包巳是昨晚周六下午赶过来的,再次给阿绣种了一天地,老早就离开了。家里邻居也求着给帮忙种一块,包巳拒绝了,说学校工地叫回去有事。
信件很多,大纸箱也有几个。包巳就看见陈白强的邮件了,信中问,三件电风扇收到没有?寄去的新磁带收到没有?后面说在深圳的厂家扩建了,订单太多忙不过来,又招了两百名工人,扩建厂房,添置了生产线,日产八百台了。问包巳能按照原来说的,在内地再联系一个地方建个分厂最好。
李文生来信说,《明珠格格》出版了,寄上样书十套,稿酬汇款过来,请查收!请尽快把后续部分写出来。
王石明也来信了,说,《渴望》出版了,《咱爸咱妈》改名出版,名字叫《岁月如歌》怎么样,请电报回复,这边在排版急需答复。稿酬近期汇出,注意查收。后面的是私信,说:你家里的事田阿姨帮你解决了,你算是湖北人武汉市人了,这边文联已经吸收你为作协会员,户口落地就会生效,咱们出版社聘用你为专业创作员,你还是尽快过来吧!小说《咱爸咱妈》样稿打出来后,田阿姨拿去单位,那边组织人改写成剧本,准备拍摄,过来也有你忙的。
宝丽金的信函邮件就不用理会了,都是例行的新磁带新唱片,音乐杂志广告宣传之类的东西。邓利君继续寄来包裹,新式T恤凉鞋太阳镜之类,也有新歌磁带寄过来。
老朋友新朋友寄来的磁带书籍更多了,金大侠的珍藏版全集也到了,好大一木箱子!几十本啊!连素未谋面的台湾歌手刘文正也寄来一堆磁带,请包巳评介一下。
国内的信件很多,包巳就看见一封信,是北京的崔建写来的,信中说:“这是第四次寄信了,前几次都是回复说很忙,请一定在百忙中抽五分钟时间听一下磁带。”
附信的磁带里有两首歌,包巳听了一下,觉得不错,他那低哑嗓音还是那种味道,配合着噪音,风格依旧。
包巳觉得应该写封回信,想了下措词,信中就建议他去听《一无所有》和《信天游》,建议他从民族音乐里吸收营养,希望能给他的团队带来启发。至于能不能影响到他,就看他的个人考虑了。
金大侠的书,还是先给胡校长看吧!武侠小说,本来就是一种成年人的童话故事,他最近催包巳赶稿,比包巳自己都上心。

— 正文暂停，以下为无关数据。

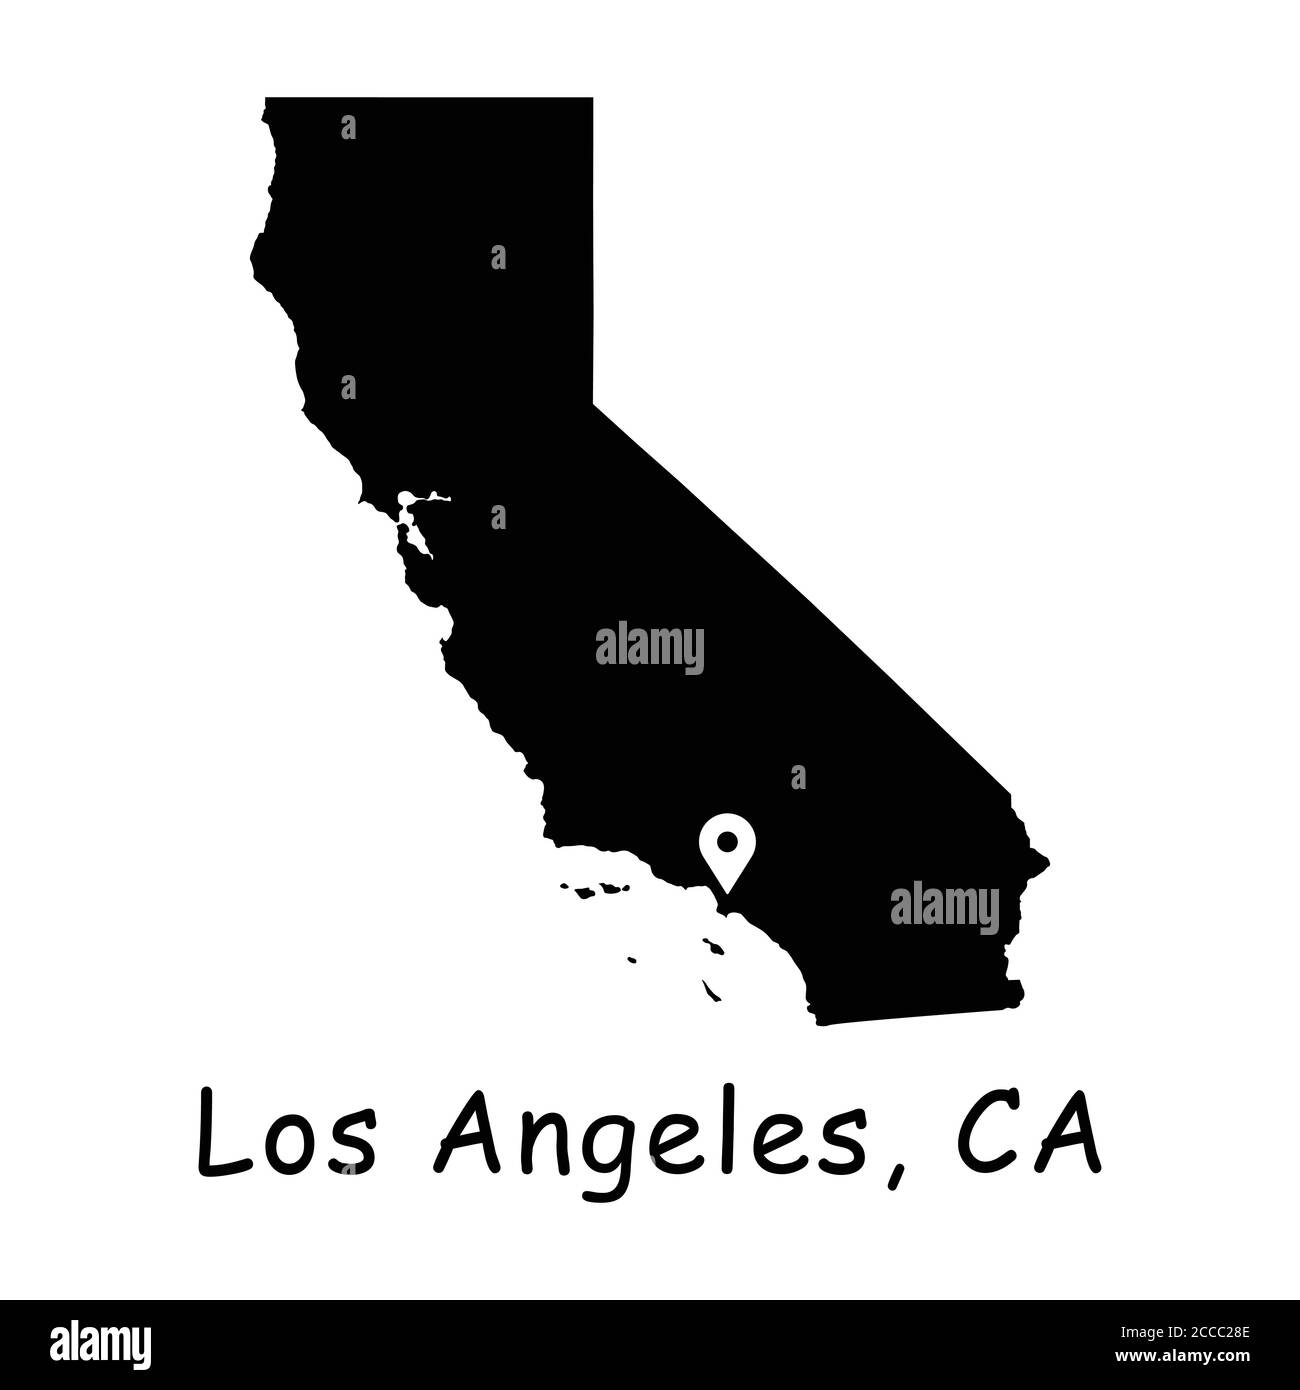 Los Angeles sur la carte de l'État de Californie. Carte détaillée de l'État de Californie avec broche d'emplacement sur la ville de LOS ANGELES. Carte de vecteur de silhouette noire L.A. isolée sur fond blanc Illustration de Vecteur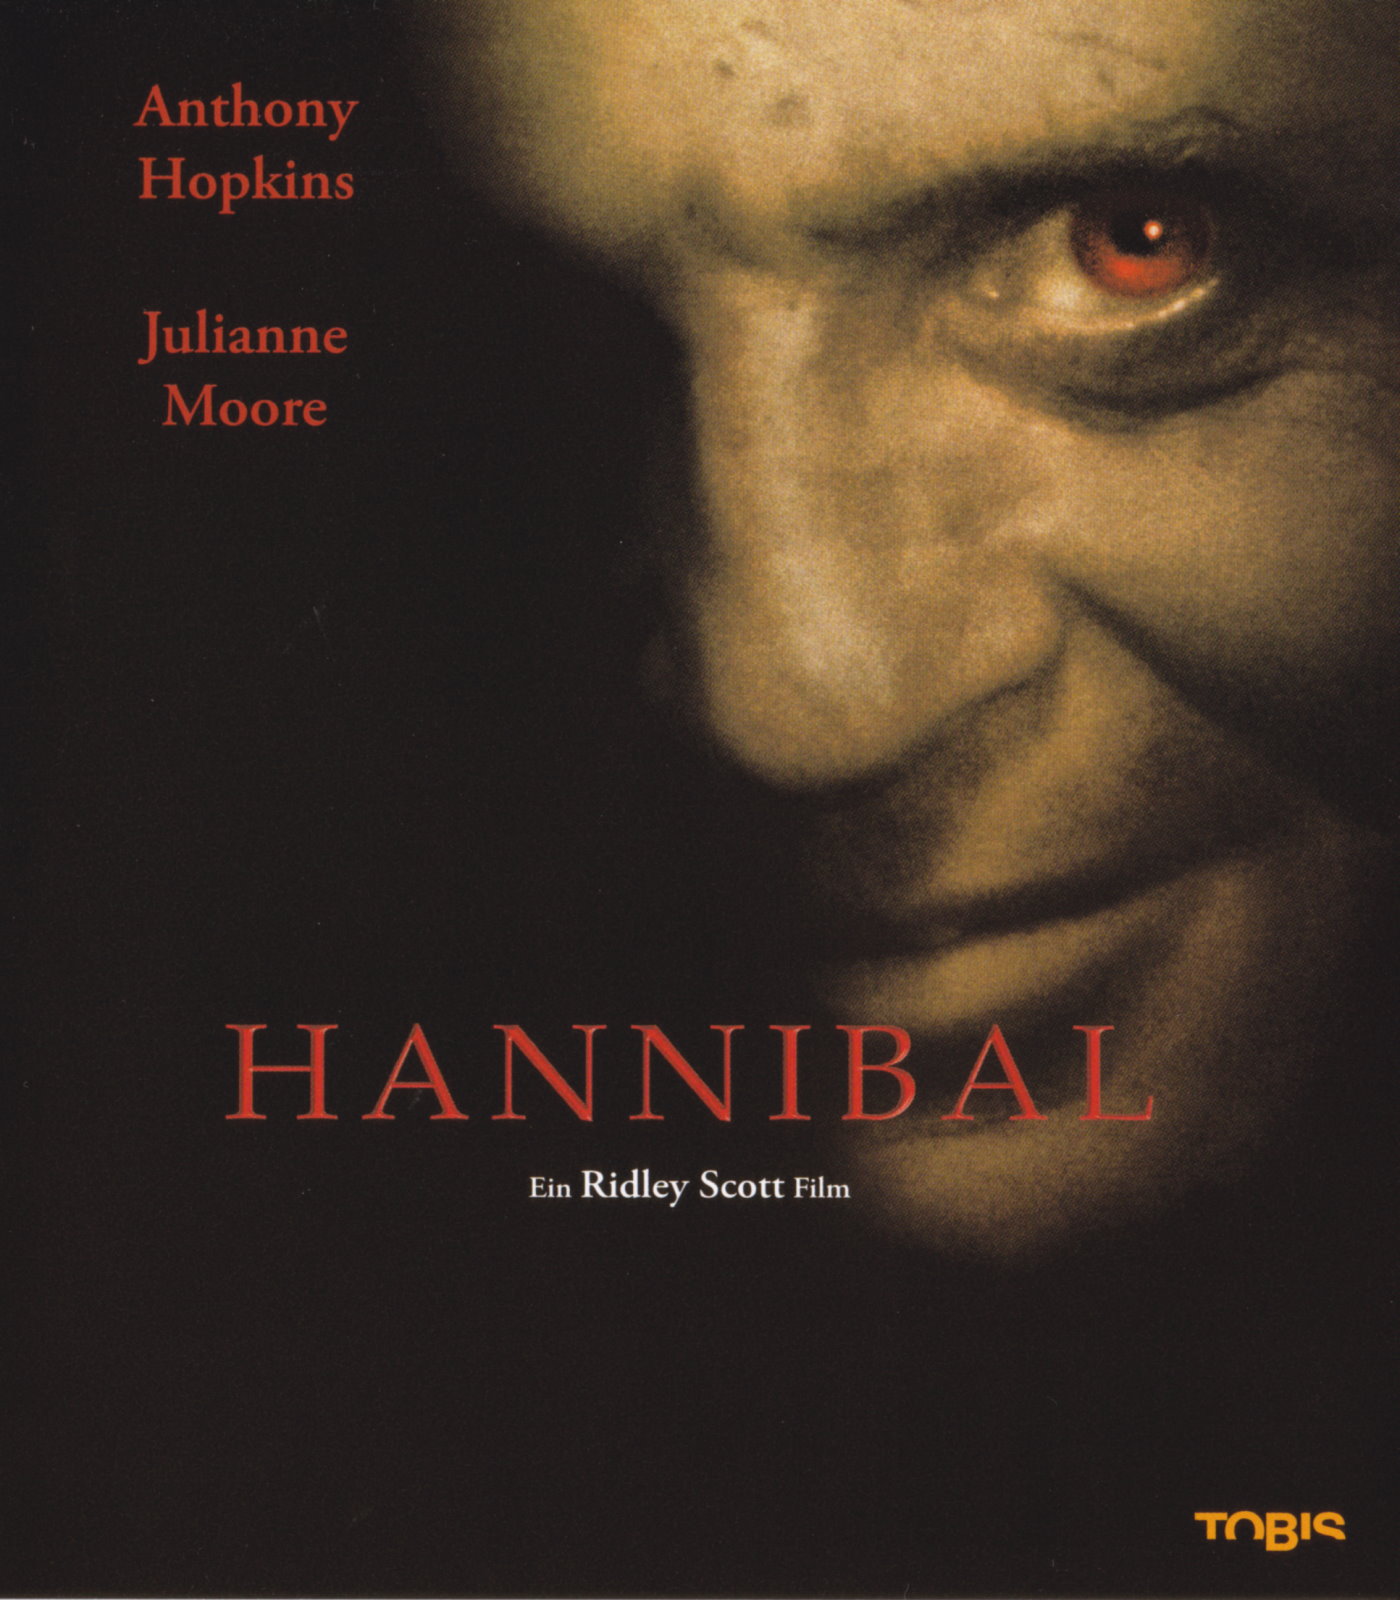 Cover - Hannibal.jpg

包巳把私章给了丁香,邮局的汇款由她来接收管理,自己忙碌起来。
张青桦和侯树明再次来找,还是那个话题,包巳不耐烦了,说:“上面蔡书记不支持你们的建议,我有什么办法?”
张青桦说:“咱是为老百姓办实事,不讲什么别的,你把要求提一下,我看能不能办到?办不到咱就到此为止。”
包巳再次把自己想法画出来,说:“从中学大门口这里连接前面街道,我步测过了七百五十米左右,按照一米六十块算,就是四万五。南街那边,从小学大门处。连接到街道里,大约五百米左右,造价就是三万块,这都是为了学生的事情,下雨时,大小孩子都是滑倒一身泥水的,家家户户都有孩子,其中意义不用我说,你的工作也好做。咱们不是讲教育优先吗?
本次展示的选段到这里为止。